Era intenzionata a scappare via. Non importava se non le era permesso e se tutto il perimetro era recintato e sorvegliato, ci avrebbe provato e ci sarebbe riuscita. Non poteva sopportare di restare lì un minuto di più.

Prima di andare via, però, doveva prendere una cosa.

Ritornò indietro, dove di solito gli agenti lasciavano le auto incustodite, tranquilli che nessuno le avrebbe rubate. Ispezionò ogni singola vettura con fare disinvolto, in modo da non destare sospetti, in cerca di un telefono.

Ne trovò uno al quarto tentativo. Due agenti erano scesi per dirigersi dentro la base e avevano lasciato gli sportelli aperti con dentro i propri oggetti personali.
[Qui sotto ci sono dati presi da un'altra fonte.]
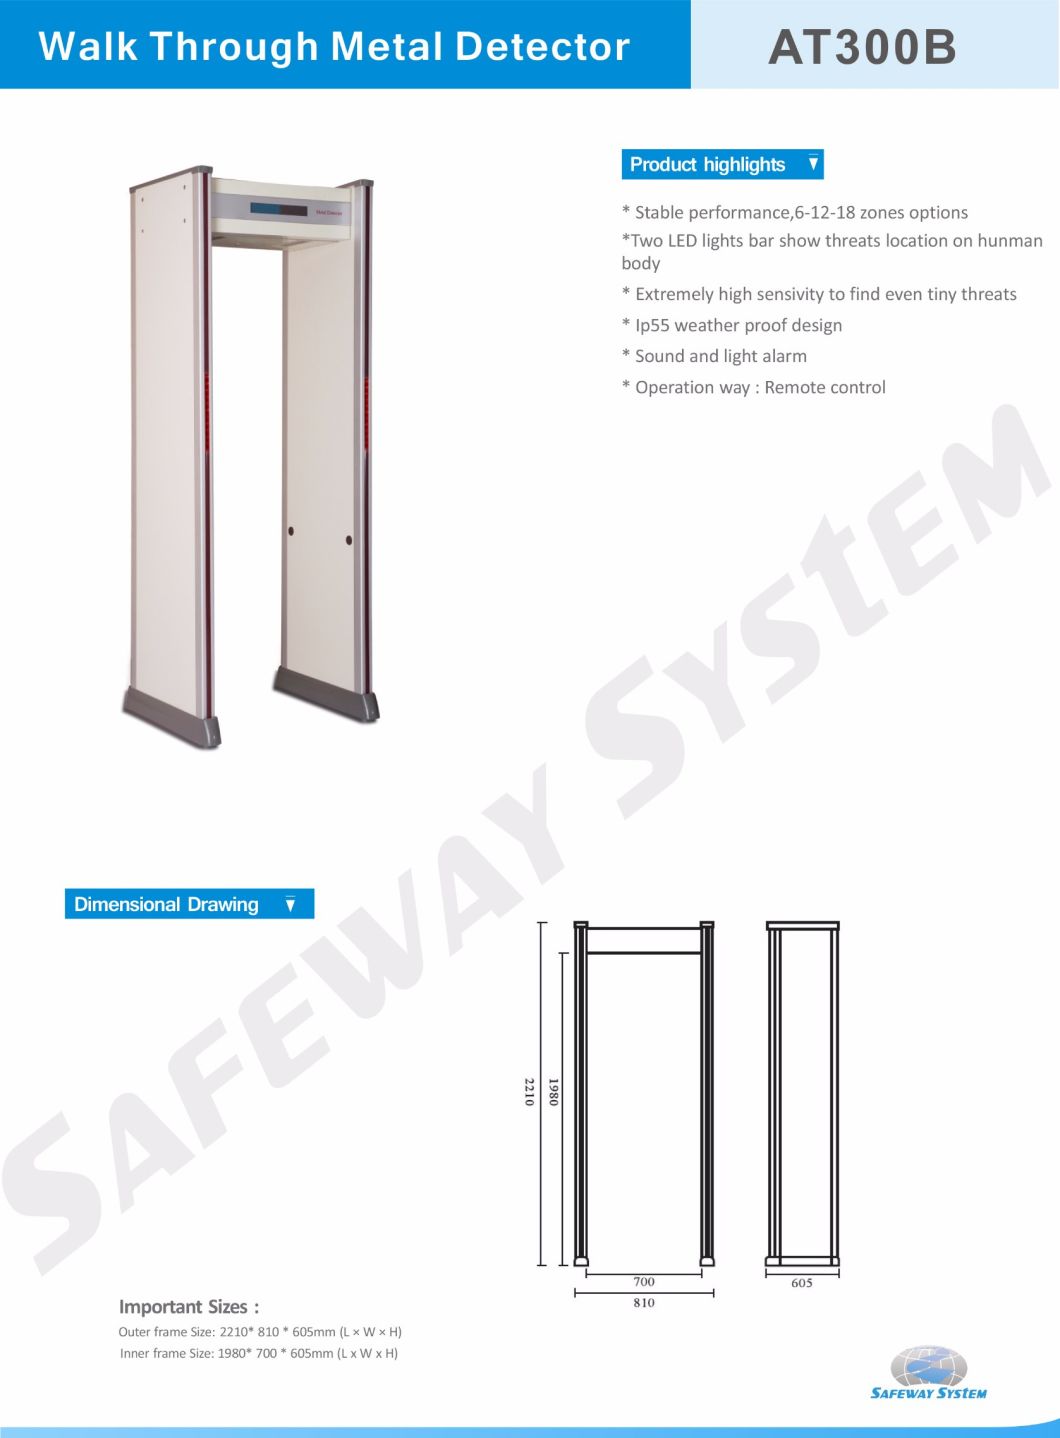 Pass-Through Metal Detection Body Safety Door (walk through metal detector)

Prese il telefono e scappò via.
Corse, corse tanto. Corse fin quando non si trovò la strada sbarrata dal muro. Alzò il capo e vide che era troppo alto per poterlo scavalcare e non c'era neanche modo di arrampicarsi. Il muro era troppo liscio affinché trovasse delle sporgenze.
Batté una mano contro la superficie con stizza, respirando a fondo e cercando un modo per evadere.
Controllò intorno a se per vedere se ci fosse qualche appiglio che le consentisse di oltrepassare la recinzione.
Non lontano da dove si era fermata, c'era un albero la cui chioma sfiorava a malapena l'estremità del muro.
Senza ragionarci sopra, infilò il telefono nella tasca dei pantaloncini e iniziò la rampicata. Le lacrime le impedivano di vedere bene e la nausea era tornata più forte di prima; si fece forza continuando a salire sempre più in alto, fino ad arrivare al ramo sporgente che aveva visto da terra.
Una volta in cima, si mise a sedere sul tronco con le gambe sospese nel vuoto; dette uno sguardo a terra e fu attraversata da un brivido di panico. Inconsapevolmente aveva fatto una cosa che di solito non le sarebbe mai passato per la testa: arrampicarsi in alto. E lei era davvero molto in alto. Guardò in basso per qualche istante, poi spostò gli occhi sulla distanza che intercorreva tra la fine del ramo e il muro. Oltre l'altezza doveva pure considerare la distanza, di circa un metro, e la resistenza del suo appoggio. Prese le misure.